Susan Nevelow Mart, Every Algorithm Has a POV, AALL Spectrum, Sept.-Oct. 2017, at 40, available at http://scholar.law.colorado.edu/articles/723/.
When legal researchers search in online databases for the information they need to solve a legal problem, they need to remember that the algorithms that are returning results to them were designed by humans. The world of legal research is a human-constructed world, and the biases and assumptions the teams of humans that construct the online world bring to the task are imported into the systems we use for research. This article takes a look at what happens when six different teams of humans set out to solve the same problem: how to return results relevant to a searcher’s query in a case database. When comparing the top ten results for the same search entered into the same jurisdictional case database in Casetext, Fastcase, Google Scholar, Lexis Advance, Ravel, and Westlaw, the results are a remarkable testament to the variability of human problem solving. There is hardly any overlap in the cases that appear in the top ten results returned by each database. An average of forty percent of the cases were unique to one database, and only about 7% of the cases were returned in search results in all six databases. It is fair to say that each different set of engineers brought very different biases and assumptions to the creation of each search algorithm. One of the most surprising results was the clustering among the databases in terms of the percentage of relevant results. The oldest database providers, Westlaw and Lexis, had the highest percentages of relevant results, at 67% and 57%, respectively. The newer legal database providers, Fastcase, Google Scholar, Casetext, and Ravel, were also clustered together at a lower relevance rate, returning approximately 40% relevant results.

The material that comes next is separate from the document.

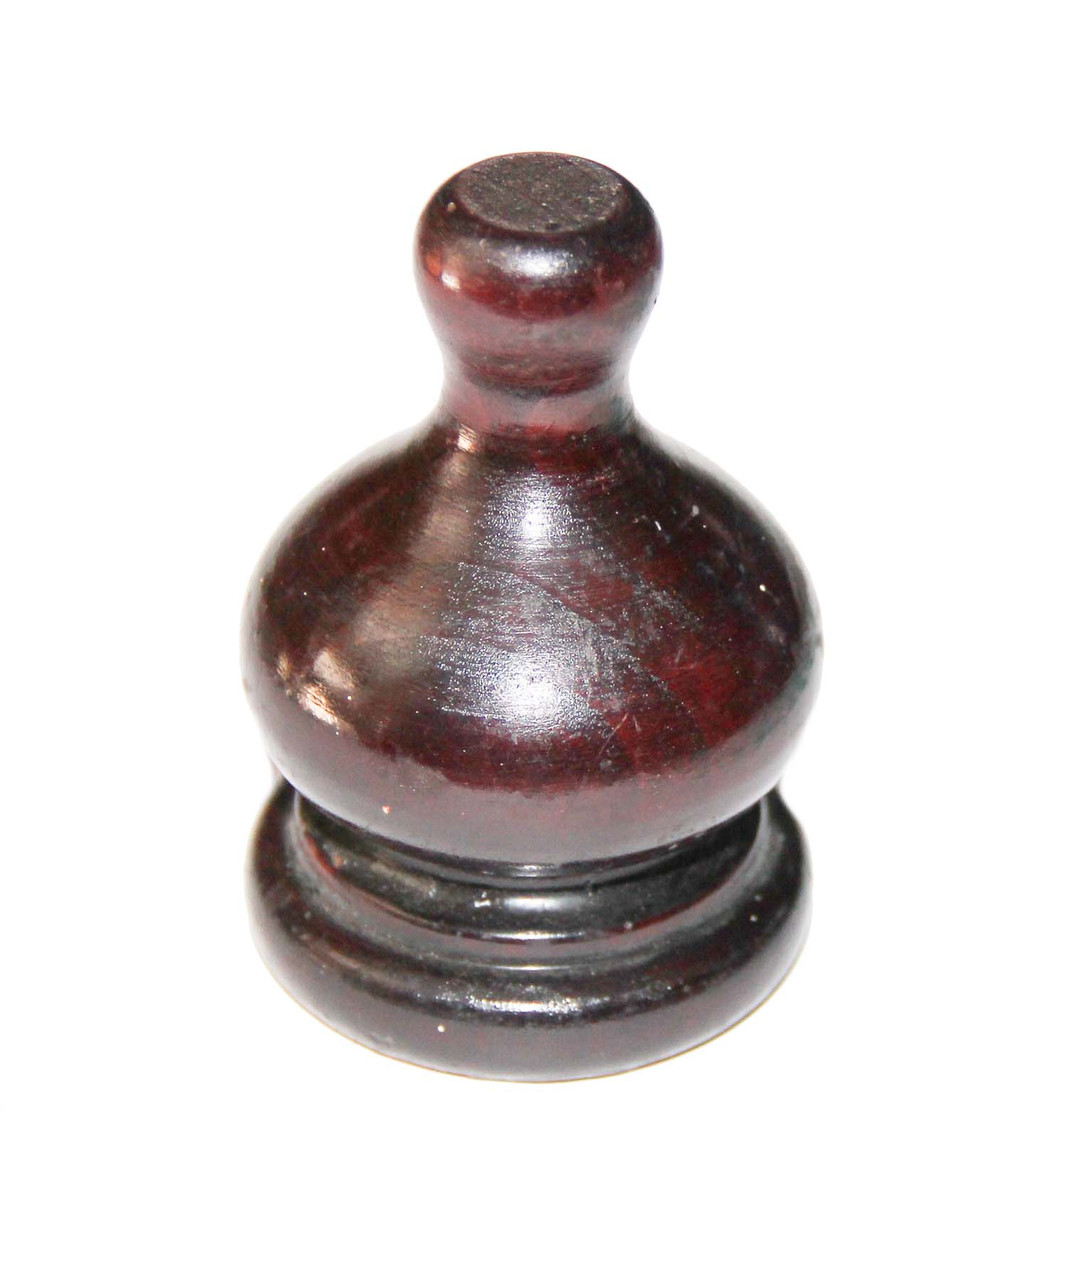 FINIAL WOOD FINISHED GLOSS CHERRY 3"L VINTAGE

Legal research has always been an endeavor that required redundancy in searching; one resource does not usually provide a full answer, just as one search will not provide every necessary result. The study clearly demonstrates that the need for redundancy in searches and resources has not faded with the rise of the algorithm. From the law professor seeking to set up a corpus of cases to study, the trial lawyer seeking that one elusive case, the legal research professor showing students the limitations of algorithms, researchers who want full results will need to mine multiple resources with multiple searches. And more accountability about the nature of the algorithms being deployed would allow all researchers to craft searches that would be optimally successful.